Climbers live in a world of forces, of gradients, and of careful calculation. They care about details; they are aware of and endlessly interested in their environment. All of them are physicists by experience, and many of them are physicists by training.

Astronauts start with or soon acquire as broad a technical background as possible. They too have raw physical wonders and calculations thrust irresistably on their senses and in their minds by the stunning facts of nature and by the sheer boldness of what they attempt. They are experts in space science, experimentors in microgravity, and, often, they were first trained as physicists.

Leadership

Astronauts are at peace with the world. They do not get ruffled; they are trained to stay calm amidst crises in which lives and billions of dollars are at stake. They make everyone feel at ease. They are universally likeable.

Climbers thrive on controlled emergencies. Their skill is in making rational decisions in the face of extreme conditions, challenges, and handicaps. Like astronauts, they live closely with others' personal habits. Their tolerance, diverse experience, and happiness make them friendly with anyone honest. They are at peace with the world.

Maybe more than any other two populations, climbers and astronauts know how to work to maximum efficiency in small groups. They are leaders.

Life Support System

Climbers live in the most remote and extreme places and conditions on Earth, surviving in a fragile microcosm of down and goretex, of nylon and aerospace-grade aluminum. Astronauts also carry a tiny microcosm of life to the extreme conditions beyond Earth. Their "tent" has rocket engines attached, and is built for even colder, more remote, and less oxygenated heights. When they leave it, their EVA's are done not in down and goretex but in pressurised suits with gold-plated face masks.

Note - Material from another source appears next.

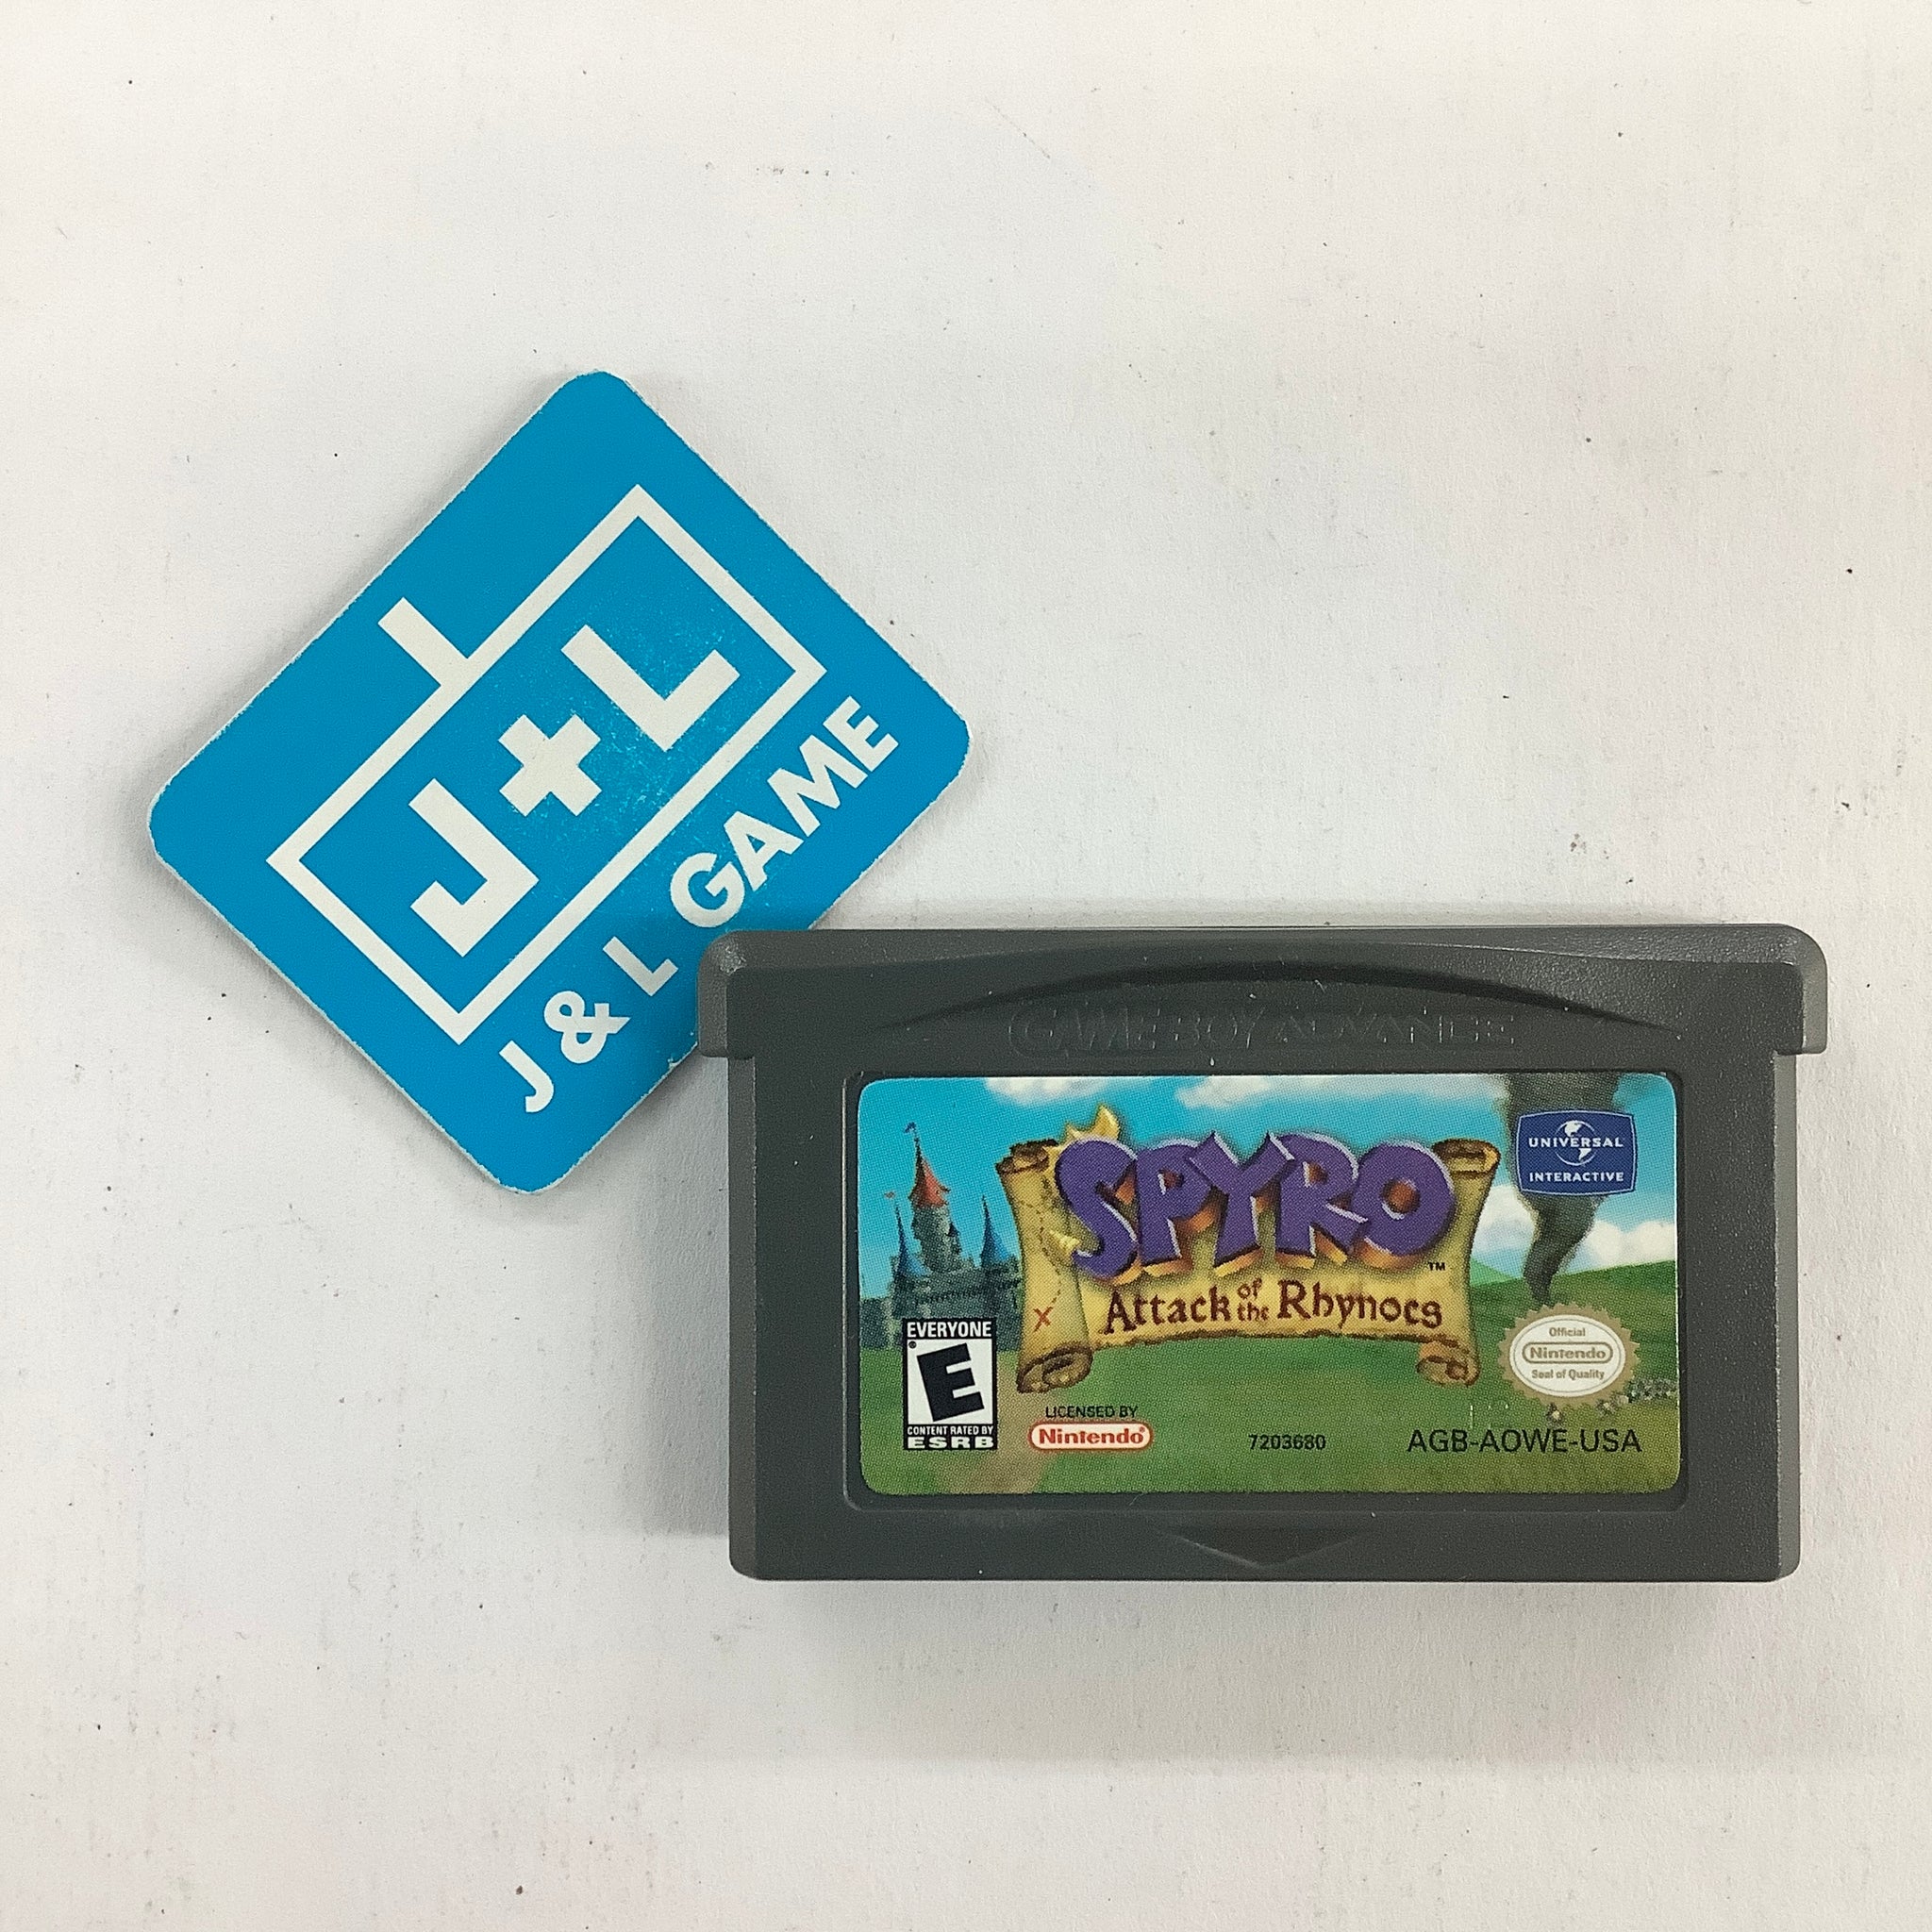 Spyro: Attack of the Rhynocs - (GBA) Game Boy Advance [Pre-Owned] Video Games Universal Interactive

Climbers are one with their equipment. They are inseparable from their ice axes; their climbing shoes are extensions of their bodies. Similarly, every second of an astronaut's survival depends on the correct functioning of the most advanced integrated technologies of humankind. They practice and repractice every detail of the use of each of their tools. Travel and survival are impossible without these extensions of their selves.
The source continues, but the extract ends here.